You can buy an inexpensive pedometer to gauge your steps, but a slew of new self-tracking devices are available that do so much more, calculating things such as how many calories you’ve burned or how well you’re sleeping at night. Here’s what the best of the next-gen devices have the offer.

The Basis B1 Band: Best for people who wear watches



Given the ubiquity of the smartphone, many people no longer wear a watch. If you do, however, the Basis B1 Band is a great choice. Not only does the display default to show you the time in large, easy-to-read numbers, it’s a sleek, modern-looking device that actually looks like a watch, unlike some of the others I tested.

You can see some of these metrics by tapping small metal buttons on the watch face, and a bar under the time shows your progress toward meeting your activity goal. But for more detailed charts that reflect how your activity and sleep stack up over time, you can visit a Web dashboard after you connect your Basis via USB to your computer and upload your data. You can also sync your device with an Android or iOS app that will pull data from it up to the Web as well as let you see detailed metrics on your phone.

I found it particularly interesting to see some of these numbers regarding sleep. It made me wonder why I sweat more or less or have a higher or lower heart rate during certain parts of the night. Dreaming, perhaps?

In addition to offering you hard data about your nocturnal movements and metabolism, the Basis tracks habits or goals such as waking up or going to bed at the same time every day, torching more calories or getting up from your chair to move around for a certain amount of time during the work day. As you do better meeting such goals, the Basis lets you unlock more of them, so you’re constantly in improvement mode.

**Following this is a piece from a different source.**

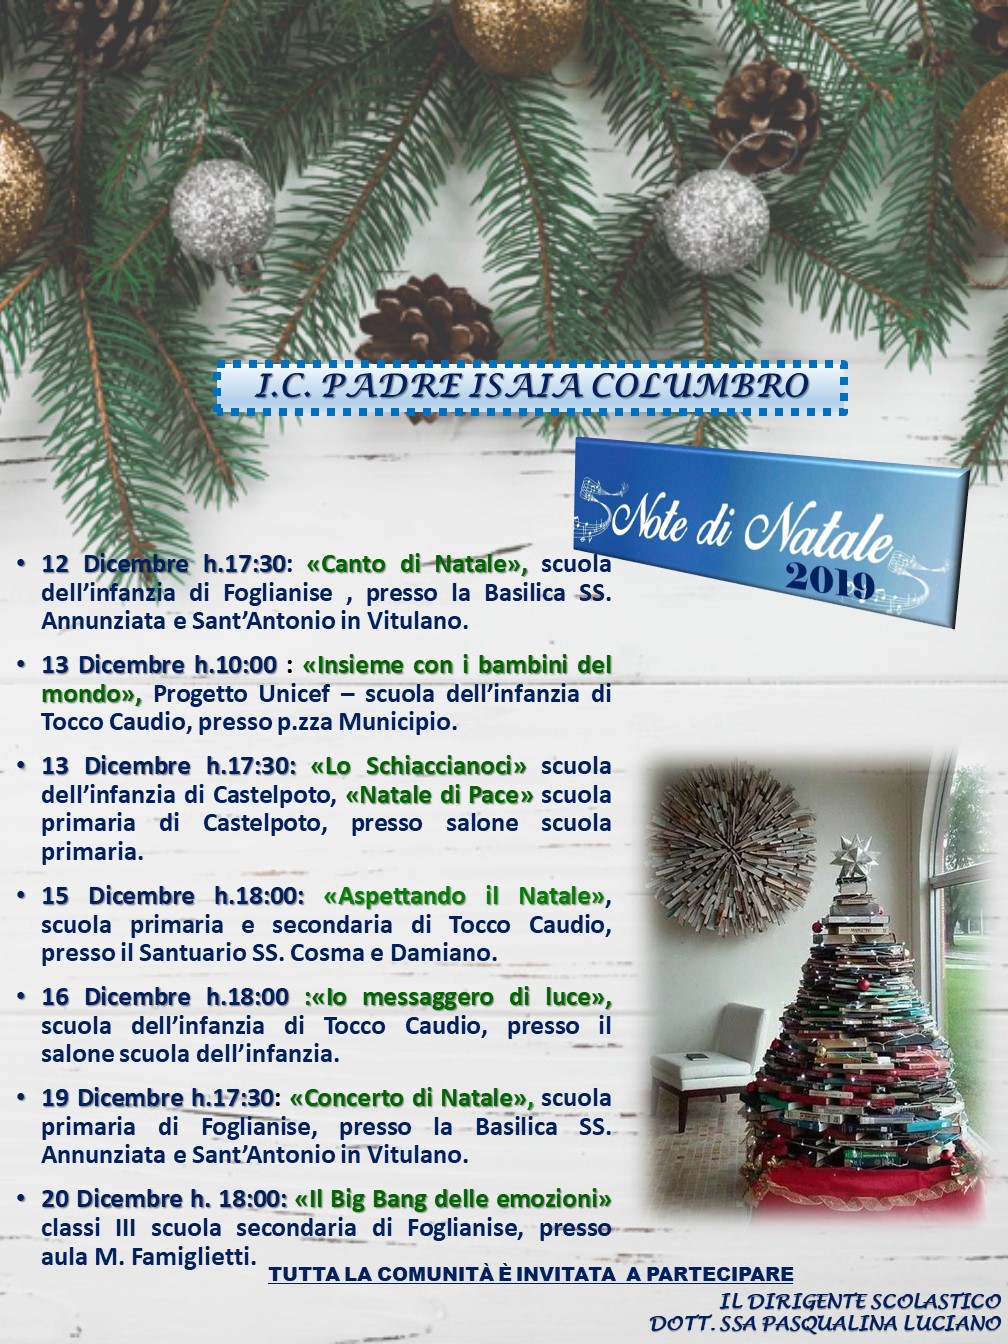 Poesie Di Natale Scuola Primaria Classe Quinta.Eventi E Attivita Didattiche Website Www Icpadreisaia Edu It

One nice little feature I appreciate about the Basis is that the device’s back light engages automatically when you turn your wrist to look at the time. Both sides of the wristband detach, although charging and syncing work better when they’re attached to the unit.

You can wear the Basis in the rain and shower, but the device is not made for swimming.

Price: $199 at basis.com

The SYNC Burn Fitness Band: Best for people who hate charging



The one consistently annoying thing about smart activity trackers is that most of them need to be charged every few days. Not the new SYNC Burn Fitness Band. Its maker says the device will stay charged for a year. When it finally dies, all you’ll need to do is pick up another CR2032 battery from wherever you normally buy batteries.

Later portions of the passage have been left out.